**Description of the task:**
In the records below, find the line with "Vatrogasci su jutros", then retype it and every following line exactly, stopping after the line with "Yamaha APX600MSMB Western". Leave the pictures out.
---------- Data section
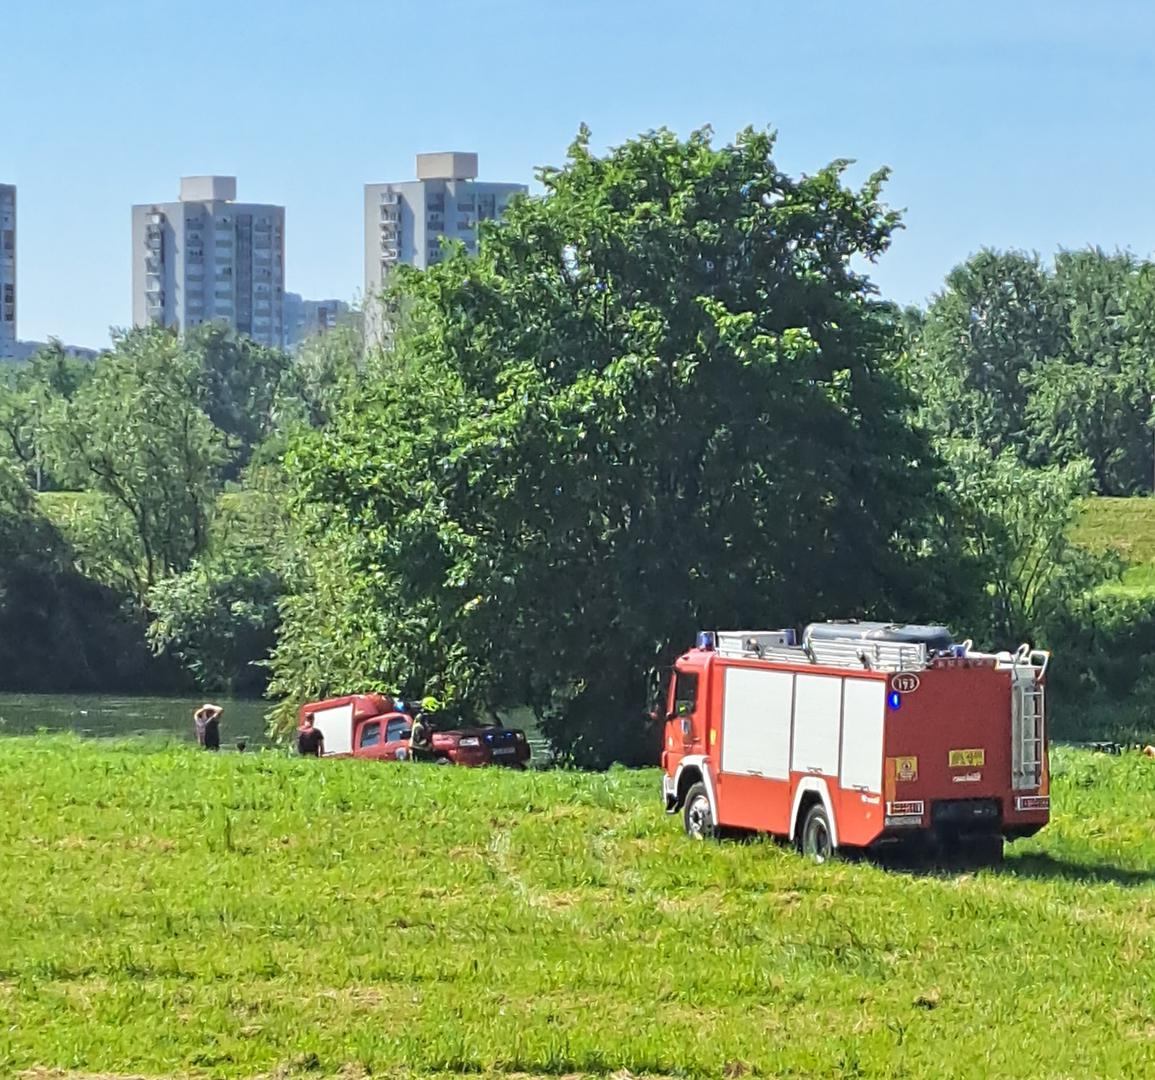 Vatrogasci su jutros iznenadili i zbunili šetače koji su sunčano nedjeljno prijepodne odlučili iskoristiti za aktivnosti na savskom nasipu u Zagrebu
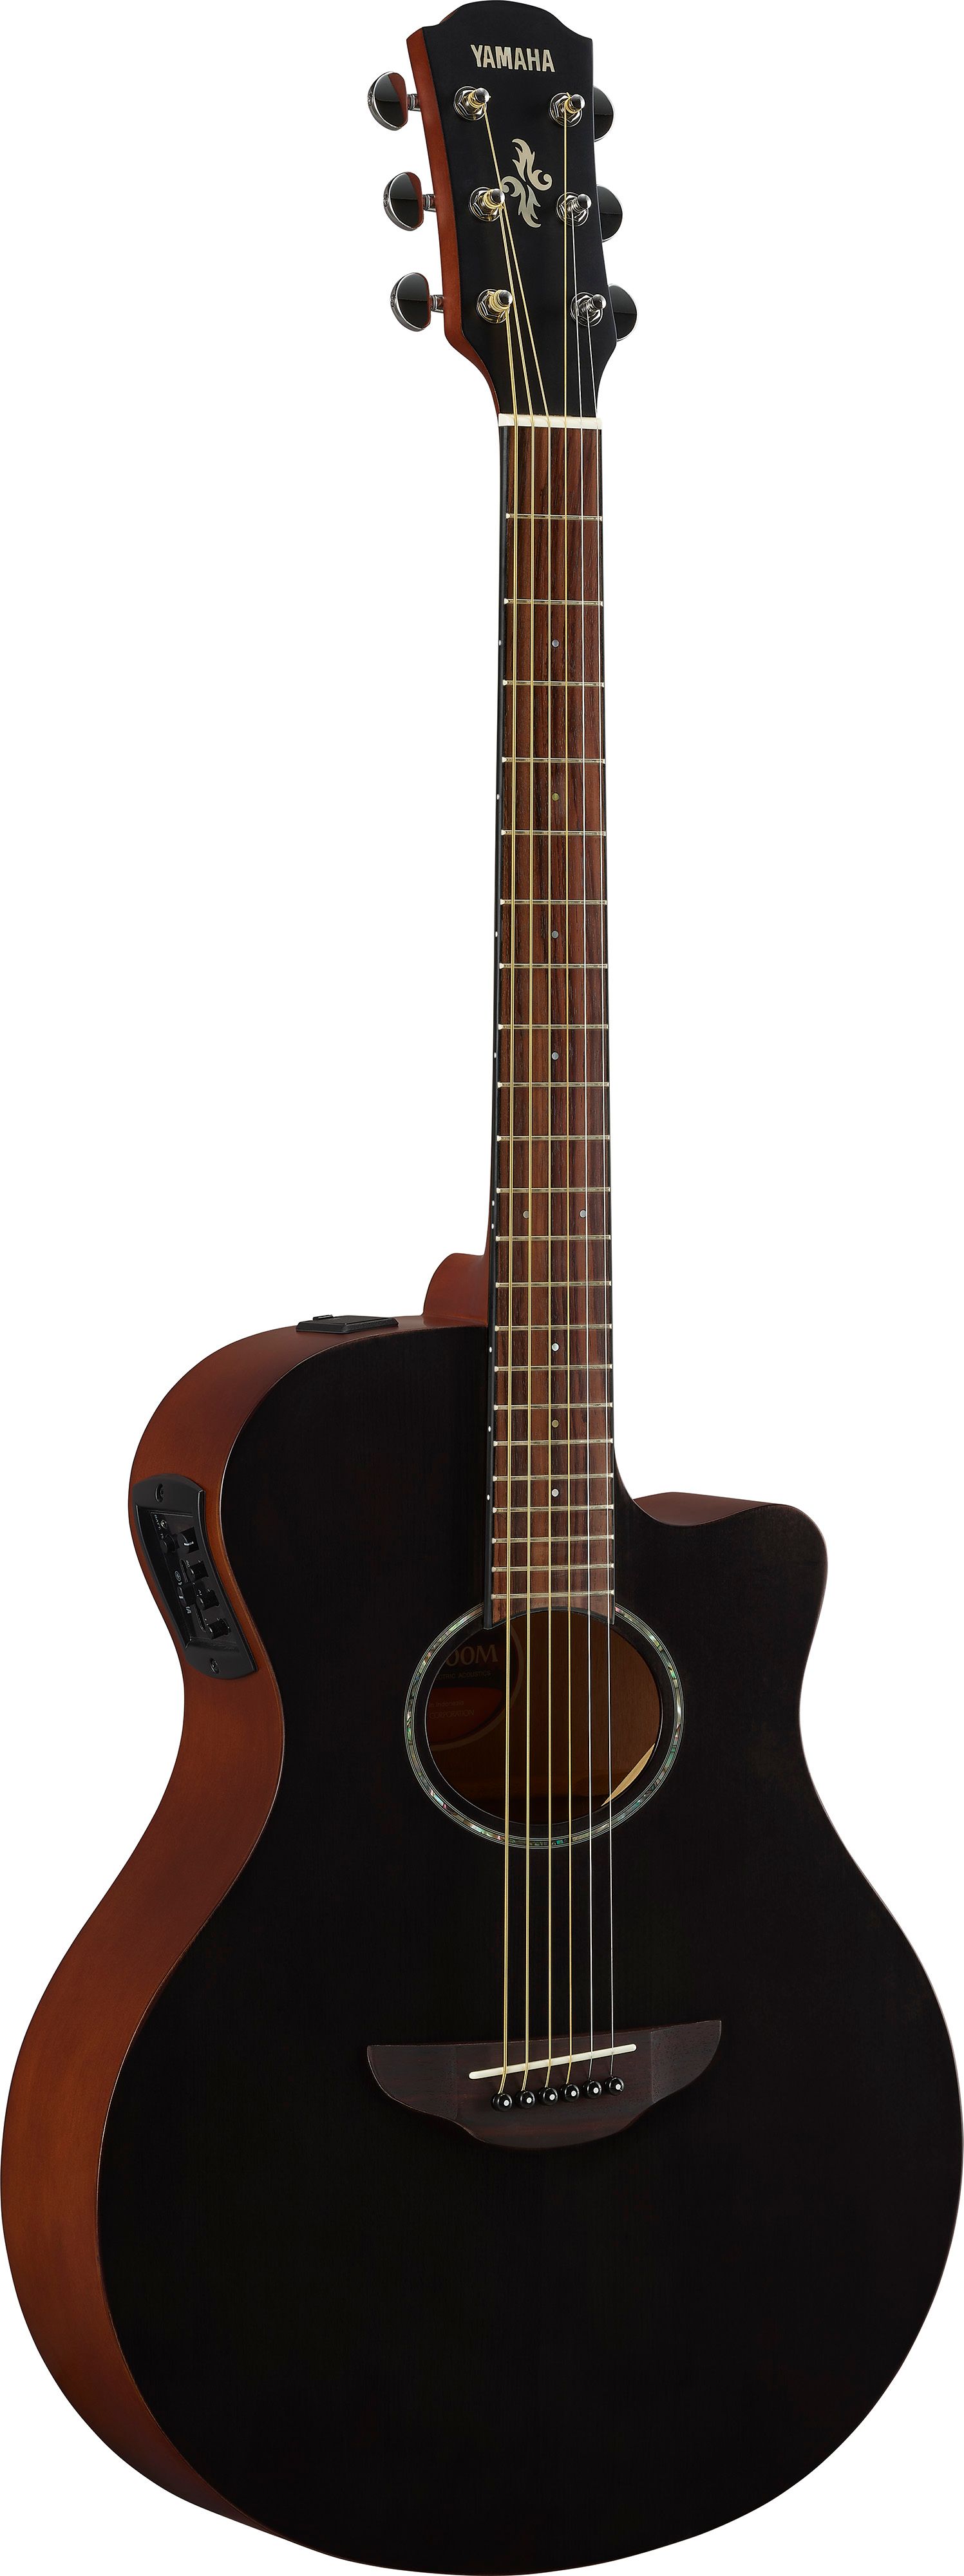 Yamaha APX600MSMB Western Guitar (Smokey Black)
--------------------
---------- Data section
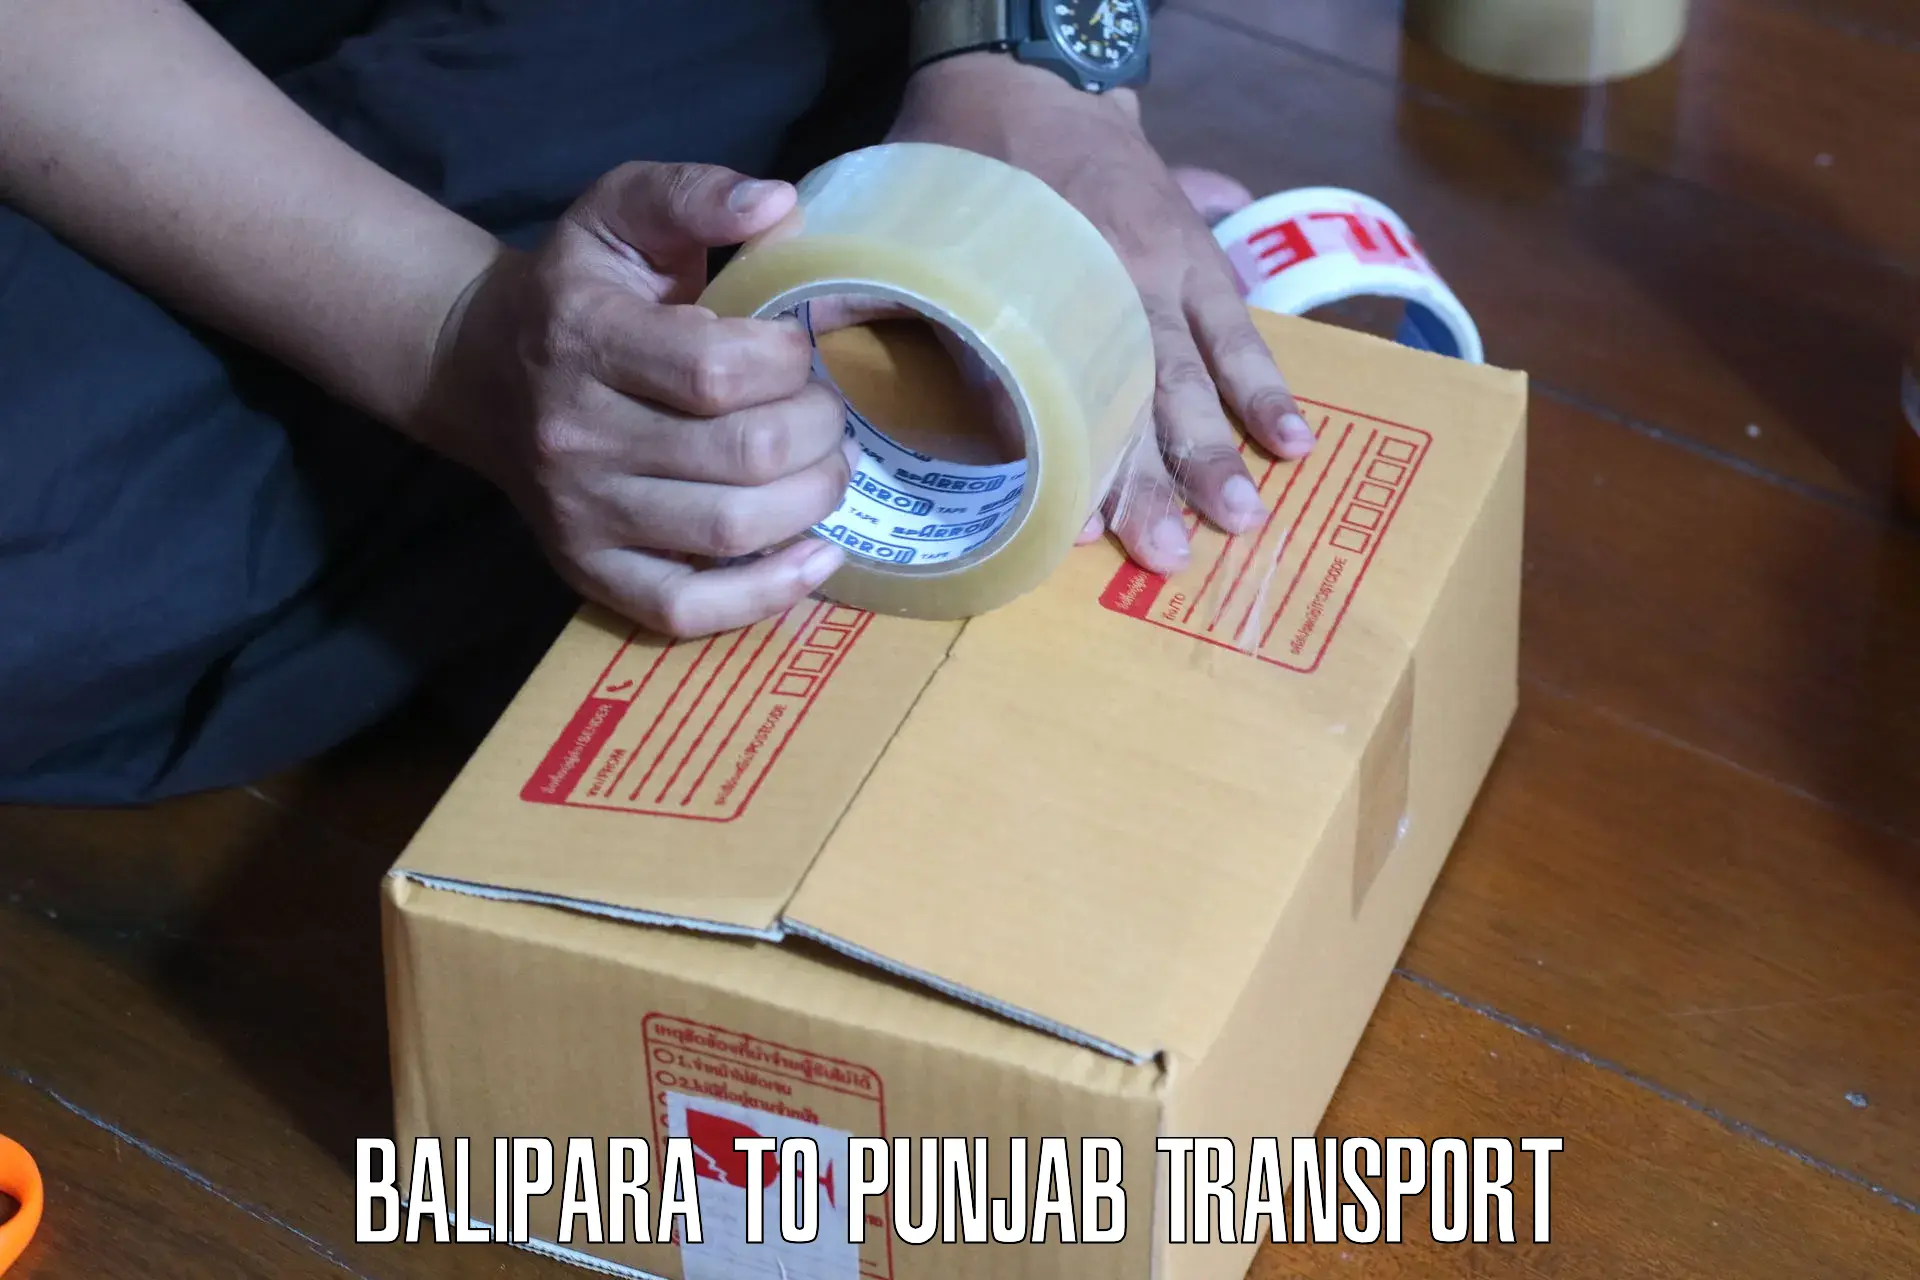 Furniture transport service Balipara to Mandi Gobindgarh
--------------------
---------- Data section
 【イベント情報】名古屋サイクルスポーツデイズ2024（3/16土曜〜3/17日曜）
--------------------
**Result of this exercise:**
 Vatrogasci su jutros iznenadili i zbunili šetače koji su sunčano nedjeljno prijepodne odlučili iskoristiti za aktivnosti na savskom nasipu u Zagrebu
 Yamaha APX600MSMB Western Guitar (Smokey Black)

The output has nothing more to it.